### What is required
Will you quote only the lines starting at the one that contains "Bay Creek - Round" and ending with the last line of the listing below, inclusive?

·····

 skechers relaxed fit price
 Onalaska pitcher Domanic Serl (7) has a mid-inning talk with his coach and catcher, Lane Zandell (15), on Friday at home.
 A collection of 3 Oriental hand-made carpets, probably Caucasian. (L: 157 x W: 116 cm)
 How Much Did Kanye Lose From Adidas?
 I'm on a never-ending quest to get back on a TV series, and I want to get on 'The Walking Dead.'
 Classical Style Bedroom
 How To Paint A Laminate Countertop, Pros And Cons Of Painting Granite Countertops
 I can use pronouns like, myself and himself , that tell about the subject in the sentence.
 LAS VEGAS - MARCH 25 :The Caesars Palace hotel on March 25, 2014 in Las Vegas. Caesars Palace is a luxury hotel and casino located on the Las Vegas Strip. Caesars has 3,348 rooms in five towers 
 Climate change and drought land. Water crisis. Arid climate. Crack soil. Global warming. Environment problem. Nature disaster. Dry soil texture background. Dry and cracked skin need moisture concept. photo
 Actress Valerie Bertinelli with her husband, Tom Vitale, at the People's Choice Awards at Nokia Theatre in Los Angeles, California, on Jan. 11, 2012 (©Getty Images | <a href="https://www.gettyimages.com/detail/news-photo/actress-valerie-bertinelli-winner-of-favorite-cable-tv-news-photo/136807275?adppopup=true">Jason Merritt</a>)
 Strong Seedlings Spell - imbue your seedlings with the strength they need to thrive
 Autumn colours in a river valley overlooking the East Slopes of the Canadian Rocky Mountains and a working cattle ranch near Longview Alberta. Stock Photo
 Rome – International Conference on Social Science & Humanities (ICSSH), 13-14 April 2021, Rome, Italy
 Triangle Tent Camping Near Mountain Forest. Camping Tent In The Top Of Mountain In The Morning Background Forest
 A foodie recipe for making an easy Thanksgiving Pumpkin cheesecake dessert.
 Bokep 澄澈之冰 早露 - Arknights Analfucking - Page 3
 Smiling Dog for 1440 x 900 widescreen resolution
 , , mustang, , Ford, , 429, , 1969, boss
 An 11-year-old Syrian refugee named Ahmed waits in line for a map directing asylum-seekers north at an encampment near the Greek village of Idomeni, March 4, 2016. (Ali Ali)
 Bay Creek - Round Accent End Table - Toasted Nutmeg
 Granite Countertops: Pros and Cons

·····

### Answer space
 Bay Creek - Round Accent End Table - Toasted Nutmeg
 Granite Countertops: Pros and Cons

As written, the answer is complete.